手紙の内容ひとつに振り回されている自分に呆れた。だが、楽しかった。
彼女の誤解を早く解きたい。それ以上に、素っ気ない手紙を書いた彼女を少しだけ困らせたい。稚拙な感情だと思ったが、またあの顔が見たかった。
侯爵邸にて、ティナに会って早々、リボンを着けていないことを指摘する。
誤解したままであろう彼女は、どう答えていいか分からない様子だった。
「クリスティーナが僕の色の贈り物をくれたから、僕もクリスティーナの瞳の色のリボンを贈ったのだけど…」
極めつけに「リボンをつけてくれていないのが悲しい」という顔をしてみせる。
僕の言葉を聞いて、ティナは嬉しそうな顔をしたあと申し訳ない事をしたな…という顔になる。
分かりやすくて、可愛い。思わず口元が緩みそうになる。
そして、彼女を困らせるのは思いのほか楽しくて、もう少しだけ意地悪したくなった。
屋敷を案内するティナがあまりにも緊張しているので、わざと後ろから顔を覗き込む。
「ティナ?」
「きゃあ!し、失礼しました」
「大丈夫?さっきから何度か声を掛けたんだけど聞こえて無かったみたいだから…」
「え、ええ、大丈夫です。
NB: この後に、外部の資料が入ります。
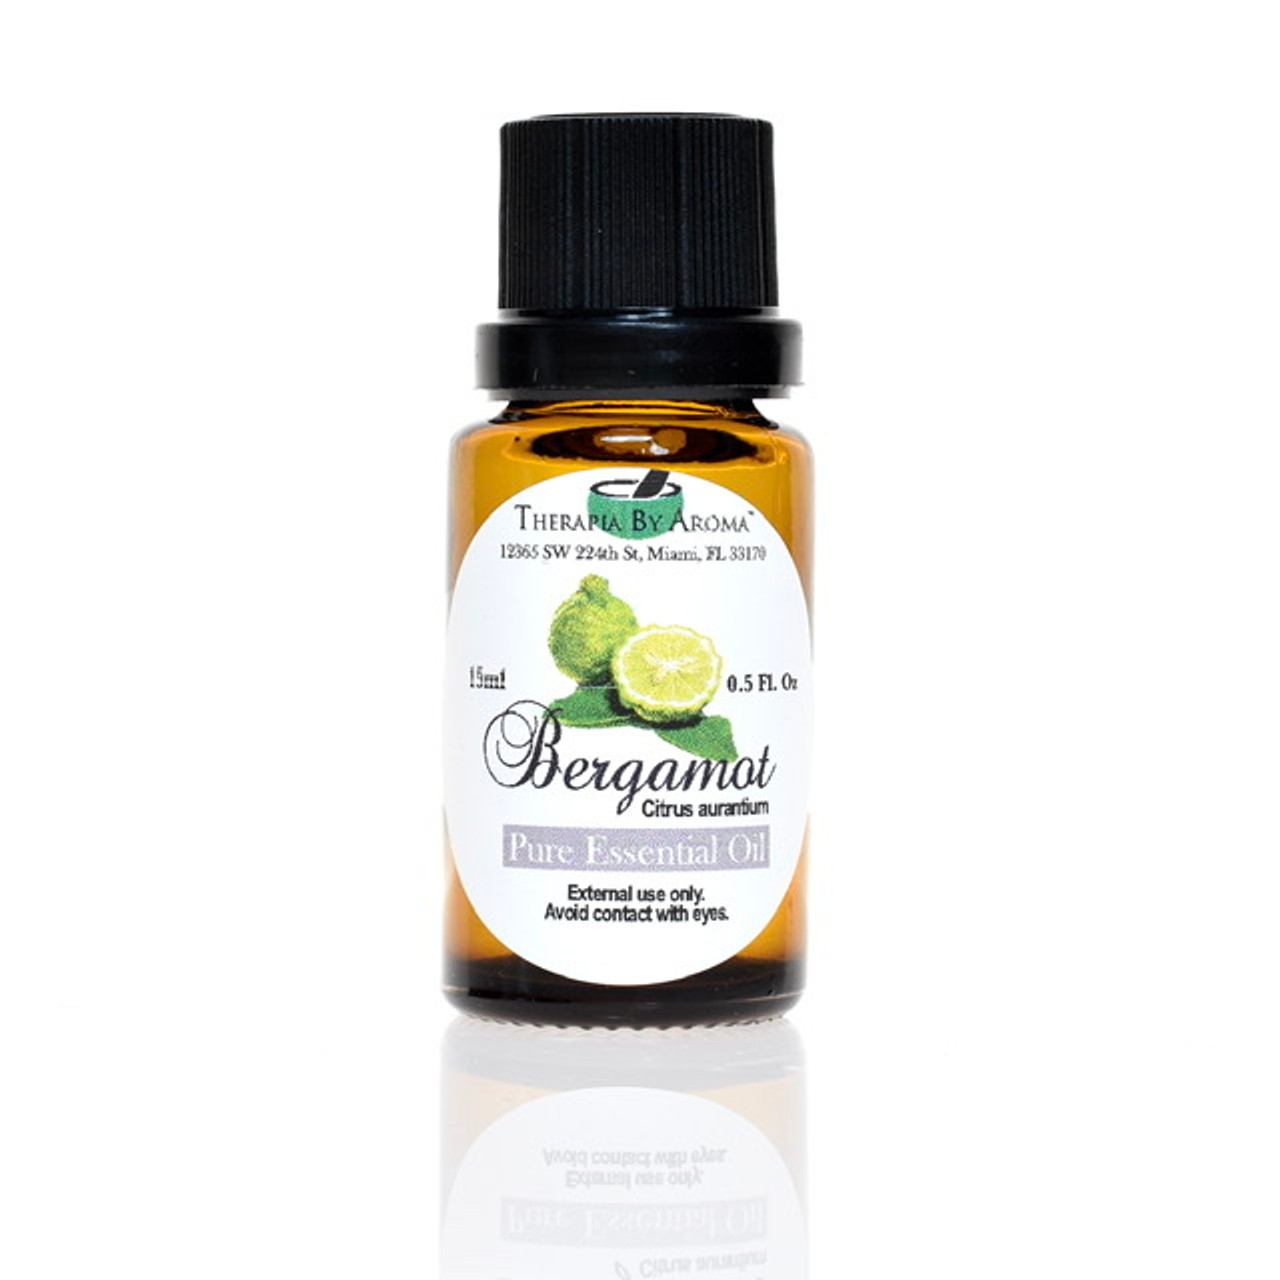 Bergamot Essential Oil (Pure) 15ml - Therapia By Aroma

気が付かず申し訳ありません」
――もちろん何度も声など掛けていない。しかし、謝る彼女は下を見ながら、紅い頬を両手で押さえている。その手を僕は上から包むようにして握った。そして目線を合わせる。
「僕、手紙で何かティナを怒らせるようなことしたかな?」
分かっている。
僕は、瞳の色に合わせて桃色のリボンを贈ったつもりだが、彼女はそうは思っていなかったのだ。
先日のガゼボで、動揺で頬を桃色に染めた彼女が可愛いと思い、ふと桃のコンポートを思いついたので出した。皇宮で採れた桃がちょうど旬だったのだ。美味しいものを食べさせてやりたいと思った。ただそれだけで、他意はない。少しからかってしまったが。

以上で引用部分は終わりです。